Donald L. Smith, Appellant, v. United States of America, Appellee, 336 F.2d 941 (D.C. Cir. 1964)Annotate this Case
Decided June 25, 1964
Mr. Andrew W. McThenia, Jr., Washington, D. C., (appointed by this court) for appellant.
Mr. Gerald E. Gilbert, Asst. U. S. Atty., with whom Messrs. David C. Acheson, U. S. Atty., and Frank Q. Nebeker, Asst. U. S. Atty., were on the brief, for appellee.
Before PRETTYMAN, Senior Circuit Judge, and WRIGHT and McGOWAN, Circuit Judges.
Two grounds of reversal are advanced in this appeal from a robbery conviction upon the verdict of a jury. One is that the trial court erred in failing to enlarge his instruction on the credibility of witnesses to include a reference to the opportunity to observe the matters testified to. It is true that the seemingly standard instruction on credibility given in this case did not, as it might well have done, comprehend this factor to any significant degree. But appellant did not, as contemplated by Rule 30, Fed. R. Crim. P., submit a written request in this regard, nor did he raise the matter even verbally until the court had completed its charge. Even then the oral submission was imprecise and, indeed, probably incorrect in its reference to an opportunity "to record" as well as to observe. Moreover, defense counsel in his closing argument informed the jury, without contradiction then or thereafter from any quarter, that "credibility in this case means much more * * * [it] means the ability to observe correctly and adequately, under conditions of stress"; and he then argued at length that this opportunity had been missing. Under all these circumstances, we conclude that no reversible error is to be found in the court's failure to respond affirmatively to appellant's request. Fed. R. Crim. P. 52(a).

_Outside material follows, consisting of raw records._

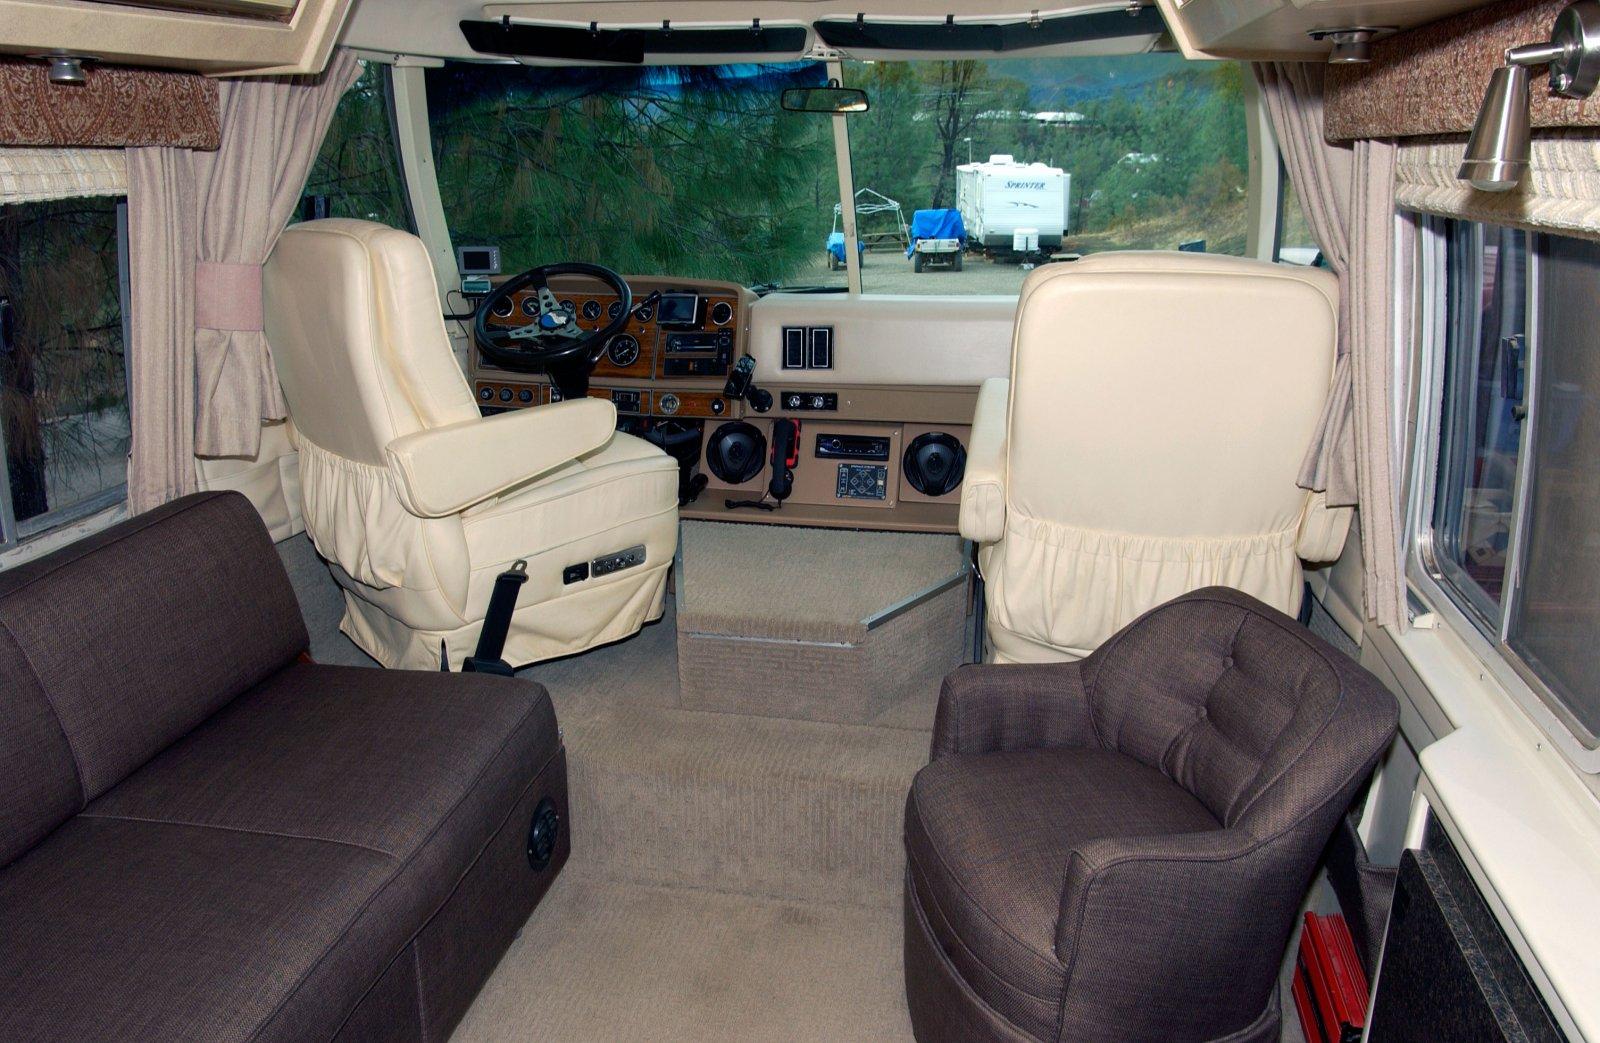 Click image for larger version  Name:Salon-Cab-web.jpg Views:89 Size:316.4 KB ID:225287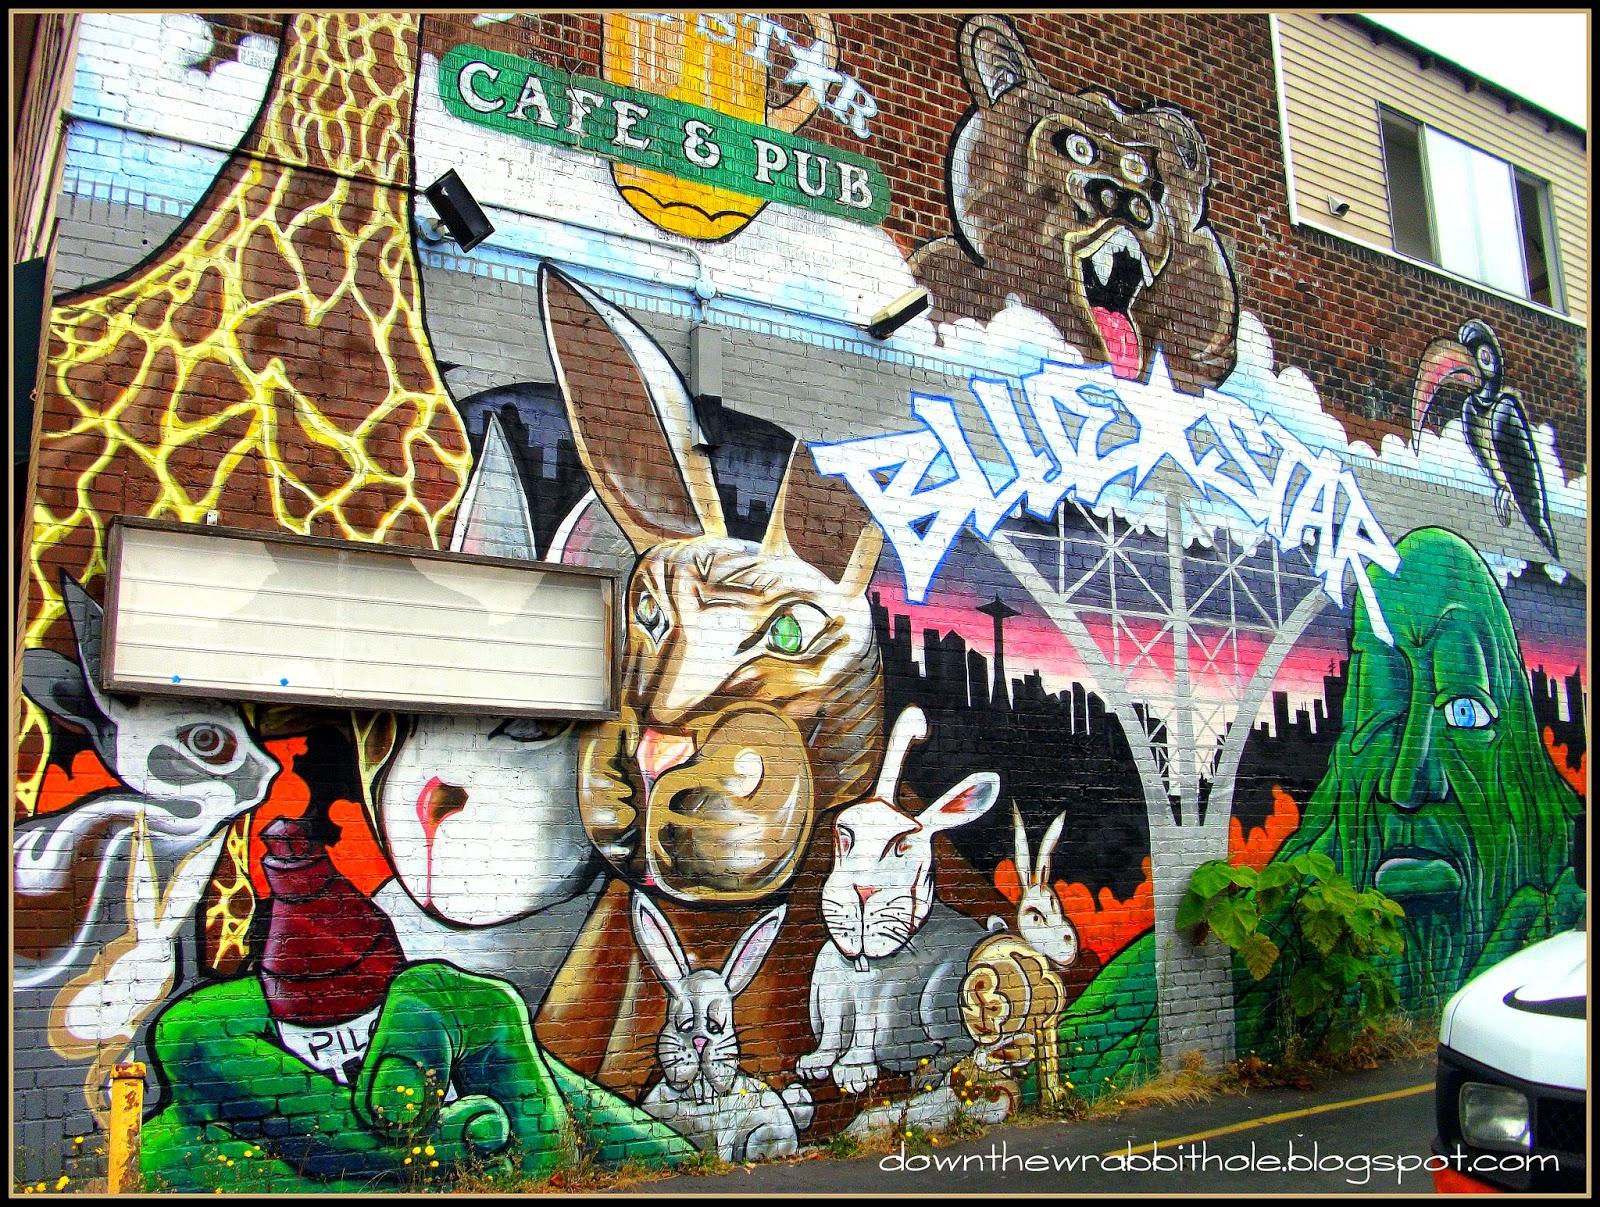 Seattle street art wall graffiti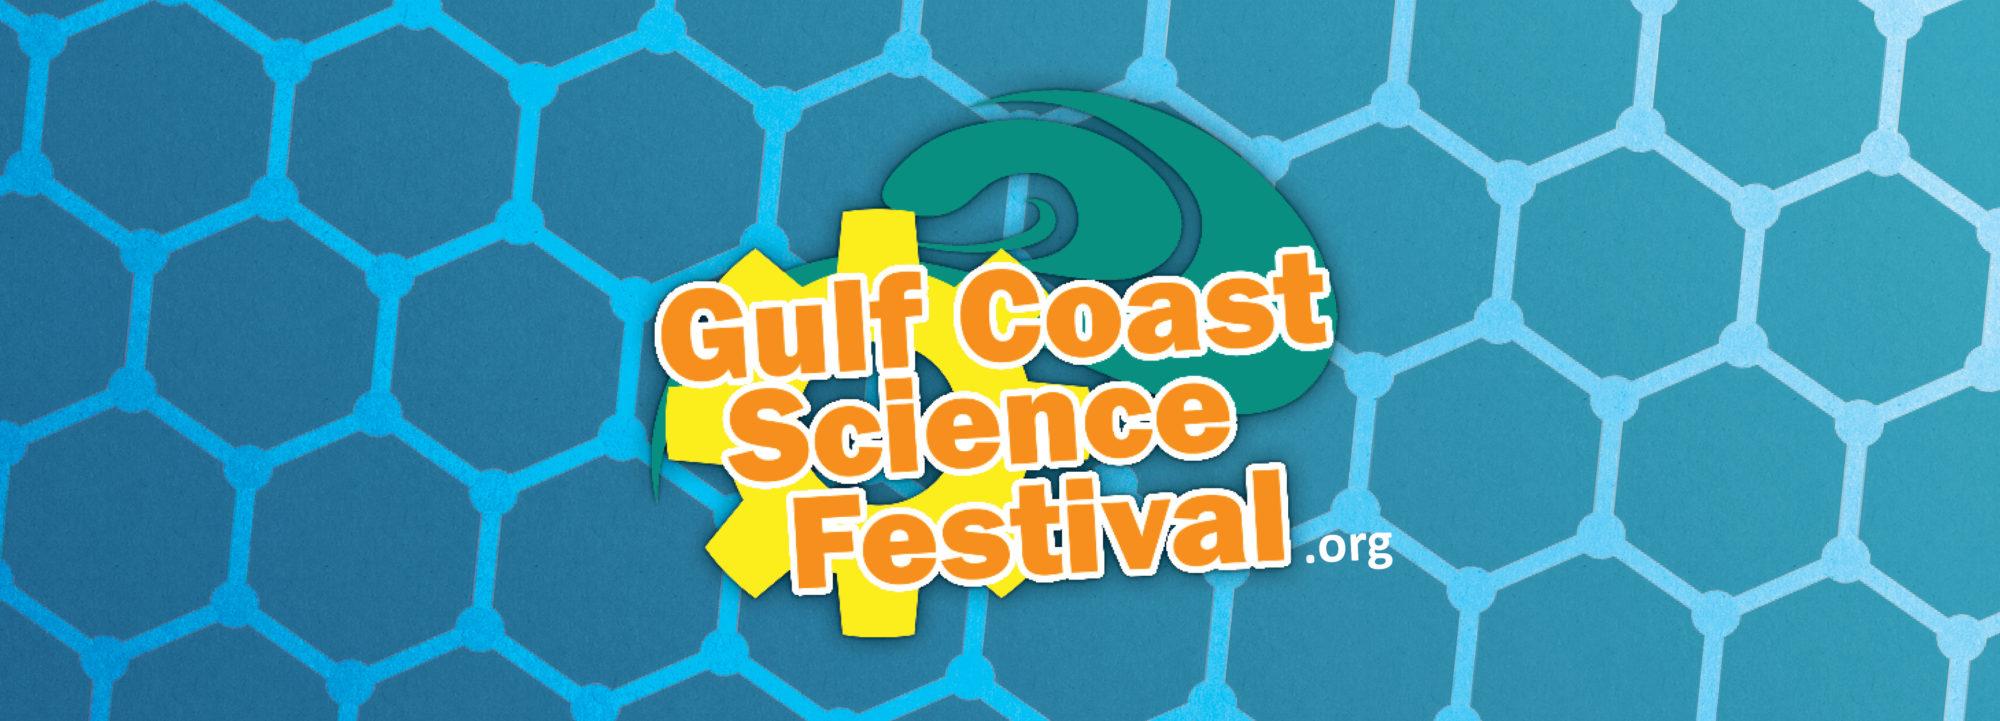 Gulf Coast Science Festival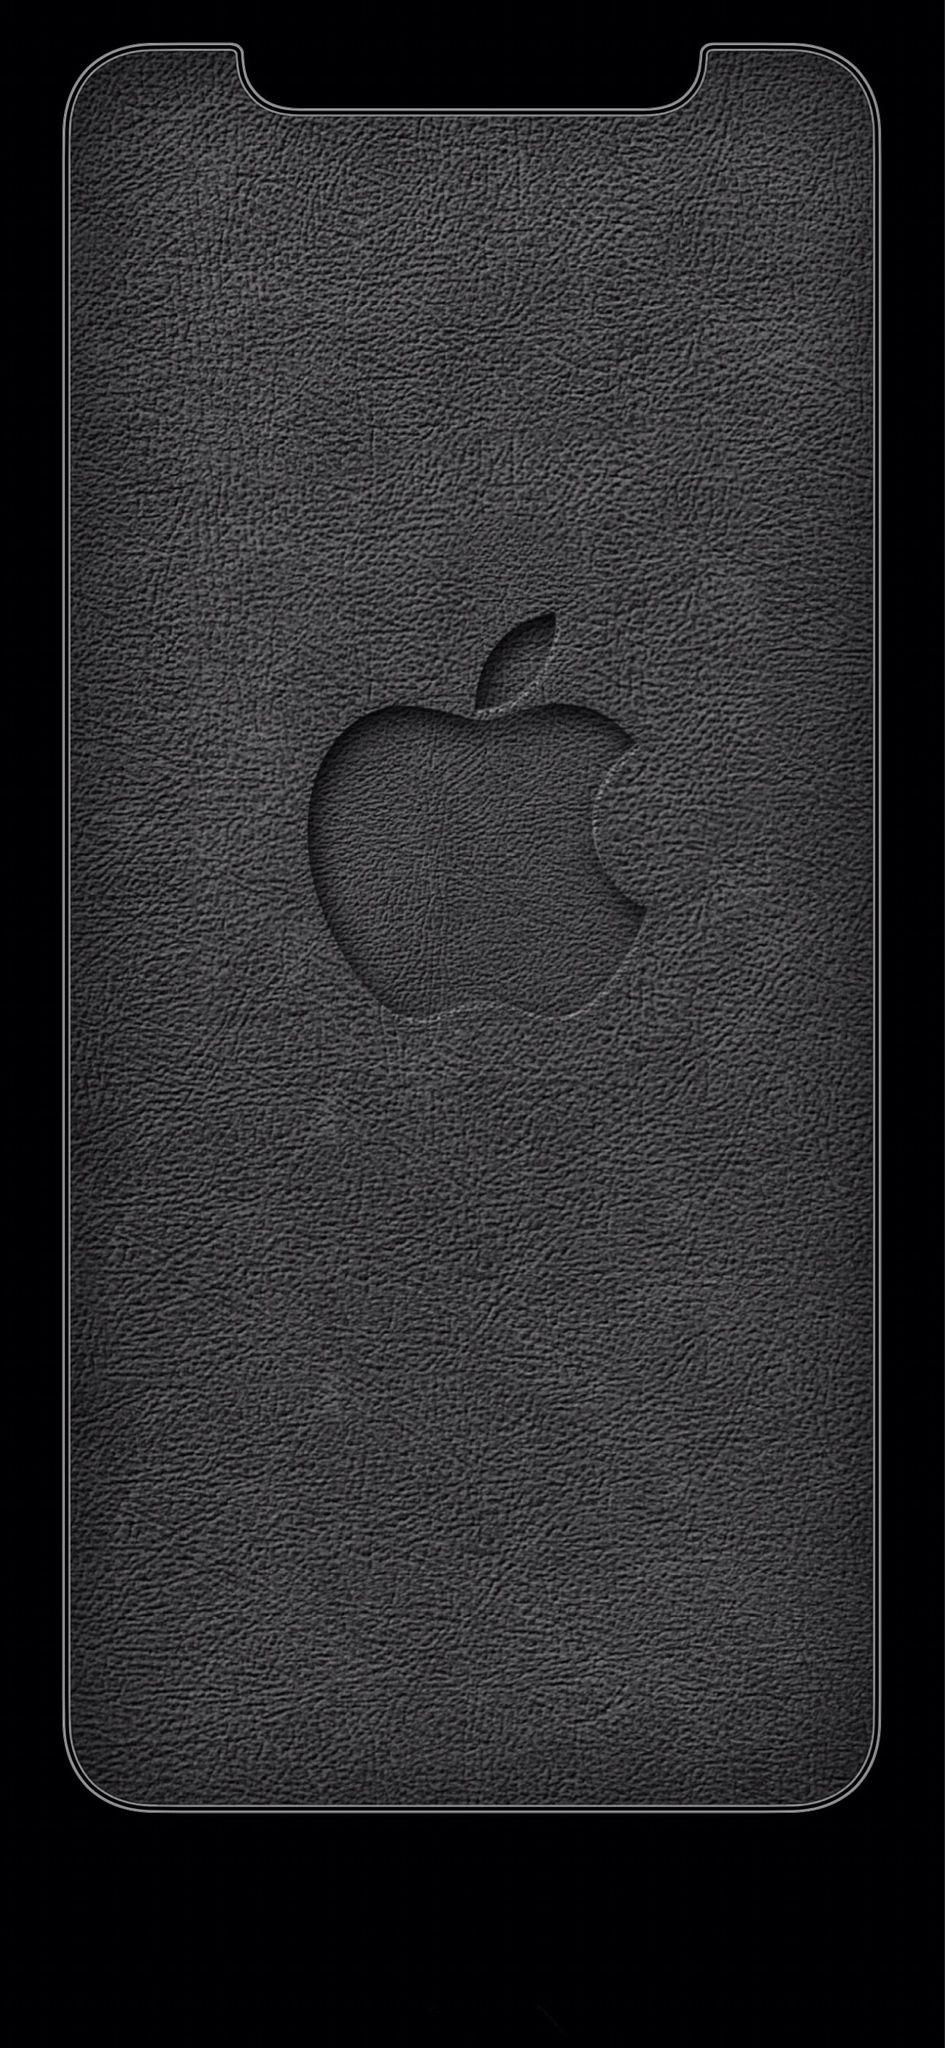 The Iphone X Xs Wallpaper Thread Page 40 Iphone Ipad Ipod

The second error is said to reside in the disregard by the prosecutor of a ruling by the judge that the facts did not warrant the giving of a missing-witness instruction as requested by the Government. In support of an alibi claim, certain persons had been named as those with whom appellant had been at the time of the commission of the crime. The judge denied the instruction when defense counsel exhibited to him subpoenas, issued for at least two of these persons, returned "unfound." Despite this ruling, the prosecutor in his closing argument referred to the failure of the defense to offer these witnesses, including specifically the two who had been fruitlessly subpoenaed. The judge promptly and properly stopped the argument at this point, and, as a result of this interruption and the resulting conference at the bench, the prosecutor resumed his remarks with the statement: "Let's say they were unable to find these witnesses; they were unable to produce them." It appears to us that the prosecutor did seek to circumvent the earlier adverse ruling he had suffered and that, in so doing, he jeopardized any conviction he might thereafter obtain. But the timely and forceful intervention of the court mitigated the possibility of prejudice to a degree which we consider inadequate to warrant reversal.